How do you plan a phased commercial move around a lease handover?
On this page
You plan a phased commercial move by sequencing it to the lease timeline, not by emptying the old space the day the lease ends. The clean cutover, out on the last day and into the new space the next, looks tidy on paper and tends to fail in practice, because move-out, network setup, and getting a team working again rarely line up to the hour. A phased move builds the relocation around the handover date, moving departments in stages and keeping the old space operational until the new one is ready to carry the work.
Build a buffer into the lease dates
The foundation of a phased move is overlap. Where the budget allows, arranging the new lease to start before the old one ends gives you a window to set up, test, and migrate without a hard stop. Even a short overlap pays for itself: a brief period of paying two rents, or running internet and phones in parallel at both sites, usually costs less than the lost revenue and customer frustration of a business that goes dark during the gap. If overlap is not possible, the planning shifts to negotiating a realistic handover date and confirming exactly what condition the old space must be returned in, so move-out cleaning, repairs, and inspection are part of the schedule rather than a last-day scramble.

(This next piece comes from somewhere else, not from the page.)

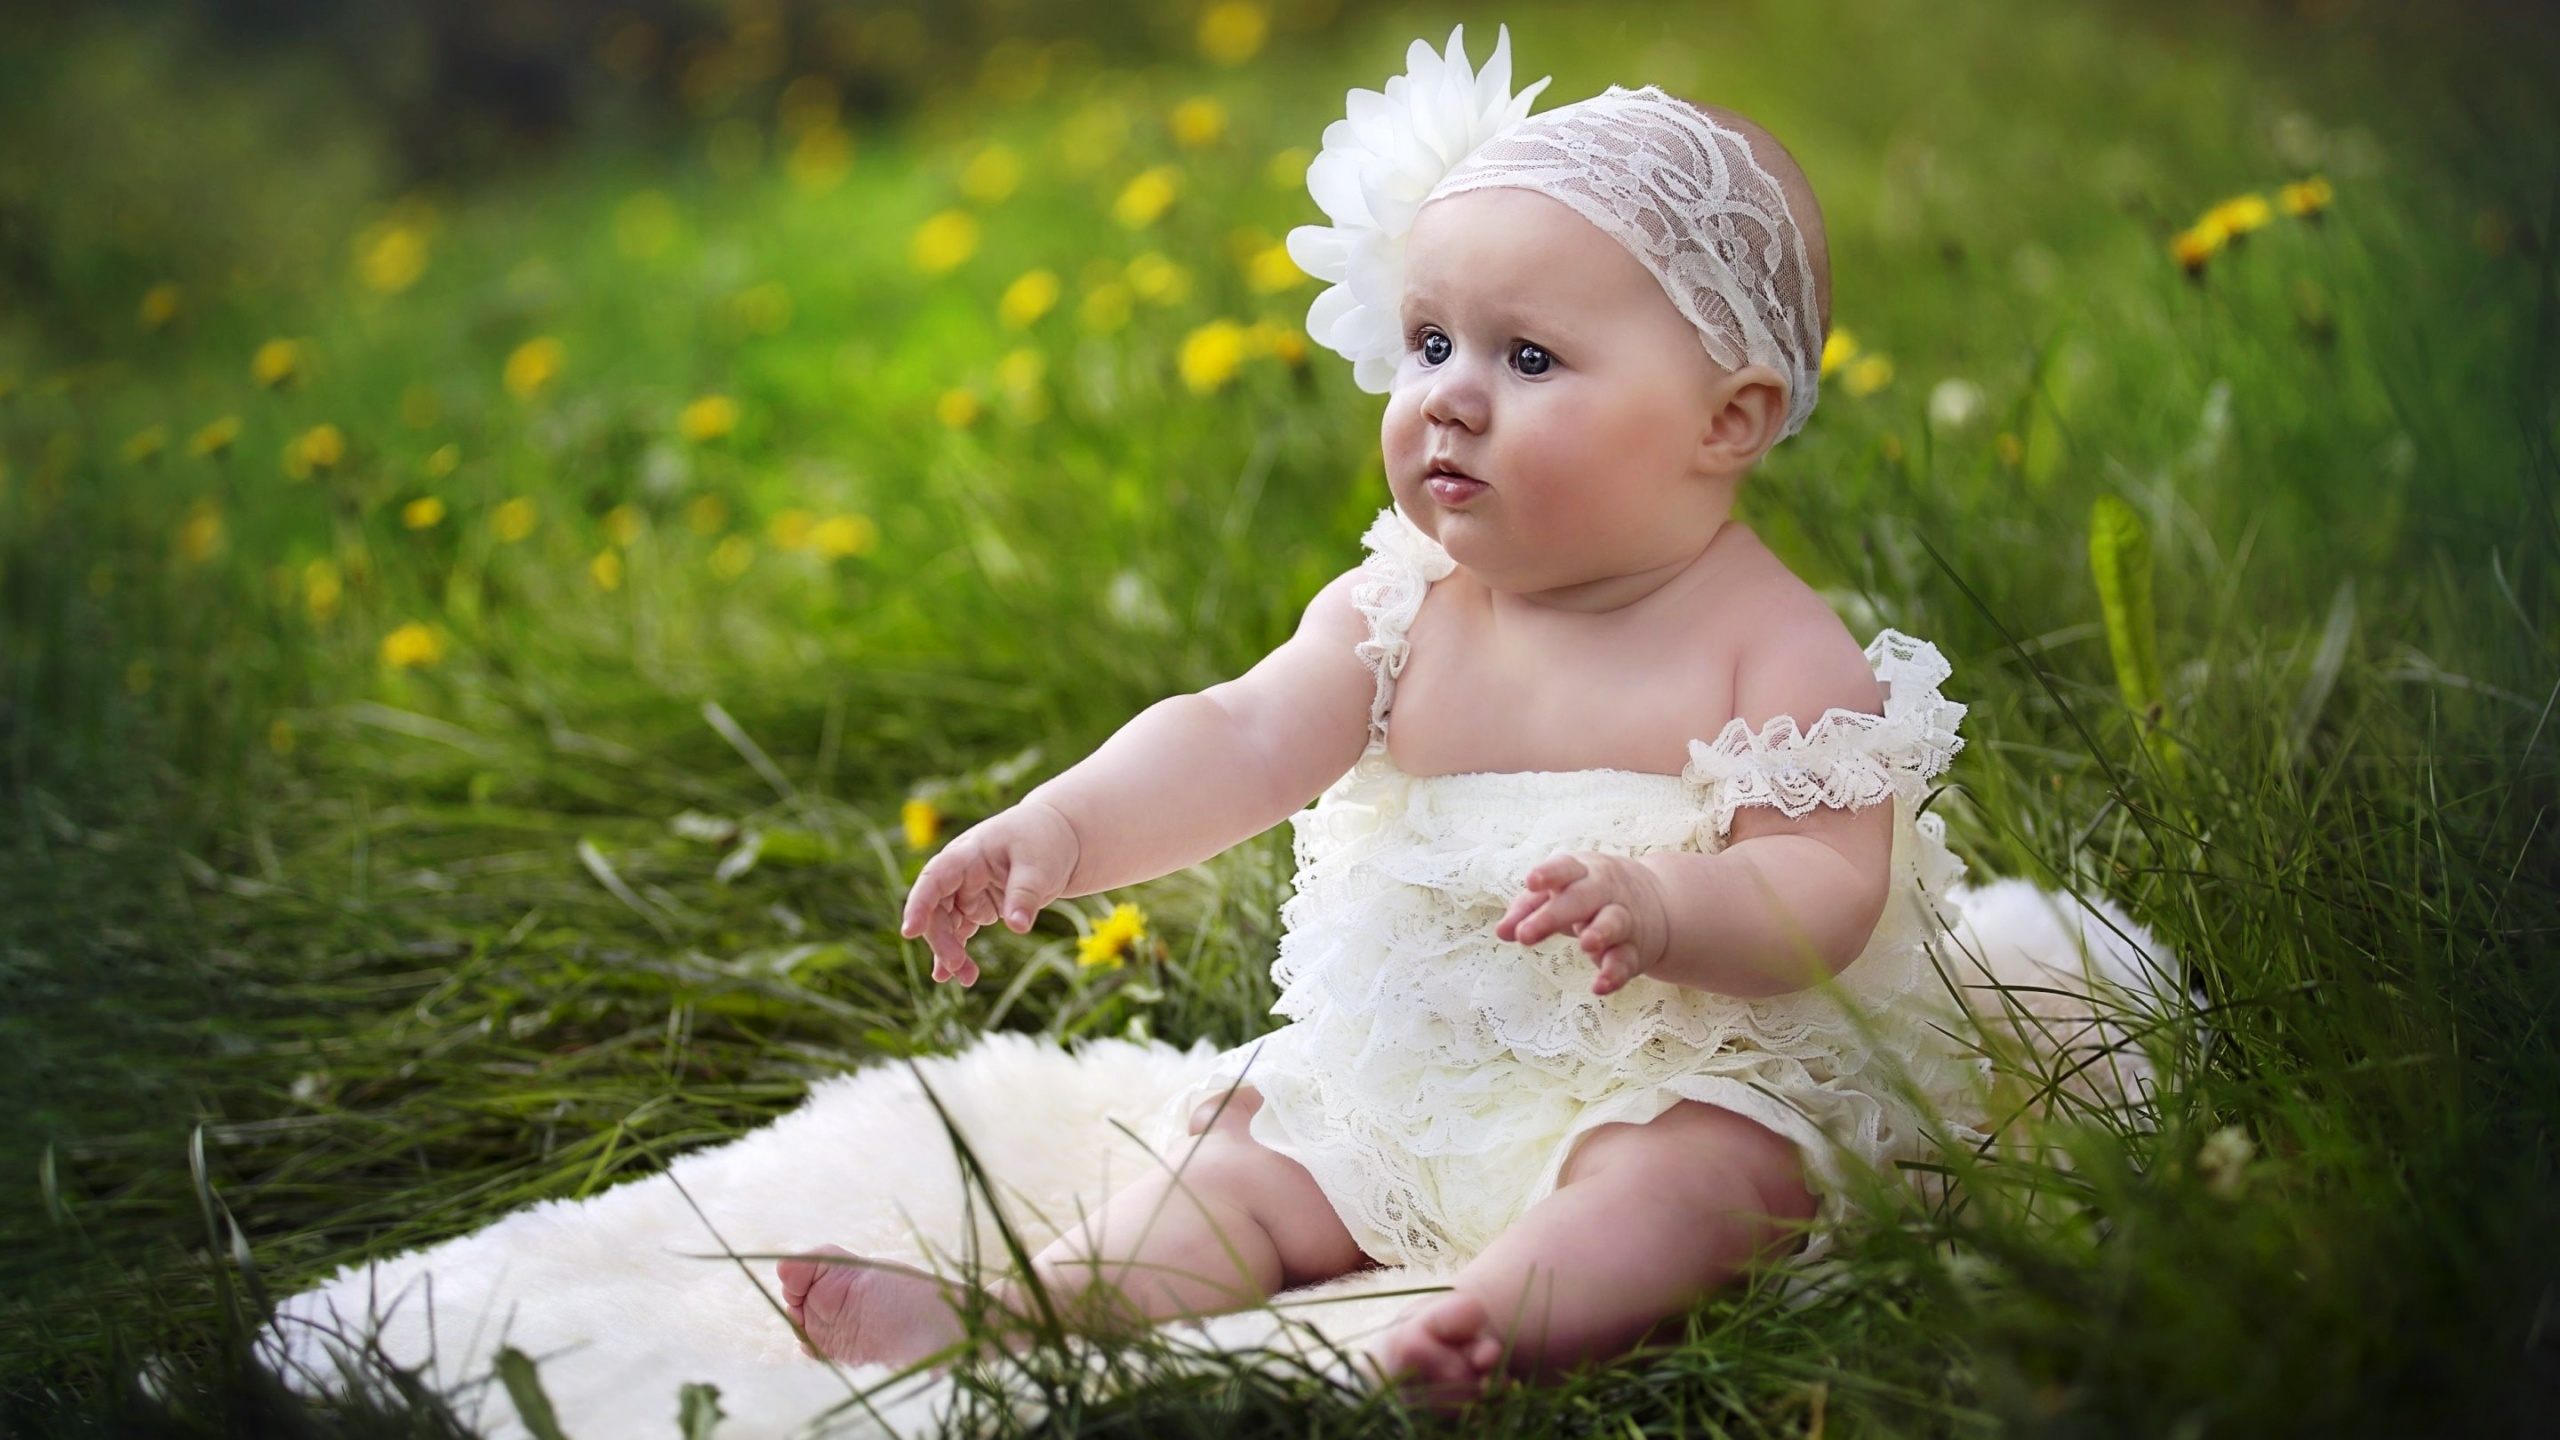 cute baby girl wallpaper,child,people in nature,photograph,grass,skin

Sequence the departments to the timeline
With the dates set, the move is ordered so the business keeps running. A workable sequence around a handover looks like this:
- Stand up the new space first: network, phones, and core IT installed and tested before anyone relocates
- Move storage, archives, and back-office functions early, while customer-facing work stays put
- Migrate IT and servers on a planned cutover window, often after hours
- Move revenue-generating and customer-facing teams last, into a space already verified as working
- Wind down the old space, complete return-condition obligations, and hand back the keys
Moving departments in waves keeps one location functional while the other ramps up, so operations never fully stop. The teams the business depends on most move only after their new desks, network, and phones are confirmed live.
Keep continuity through the gap
The whole point of phasing to the lease is to protect the period when both spaces, or neither, are fully usable. That means keeping the old office minimally operational, often a skeleton setup of a few desks and a working connection, until the new one is proven. It means keeping the old internet and phones active for a short overlap so customers reach you throughout. And it means coordinating the IT cutover, data backed up and connectivity tested in advance, so the systems that define uptime are never down at the same time at both ends.
Coordinate the parts that have to align
A handover involves more than your crew. The landlords or property managers at both ends set loading-dock access, elevator reservations, certificate-of-insurance requirements, and the move-out inspection. Lining those up against the lease dates early prevents a building rule from stalling a move you have otherwise sequenced well. Give the moving company the floor plans, the phased schedule, and the handover deadline so its crew plan matches your lease reality.
The takeaway is to treat the lease handover as the spine of the schedule. Secure a buffer or a firm handover date, move departments in waves around it, keep the old space and its connections alive until the new one is verified, and coordinate both landlords into the timeline. Planned that way, the business carries its continuity straight through the handover instead of betting everything on a single clean cutover.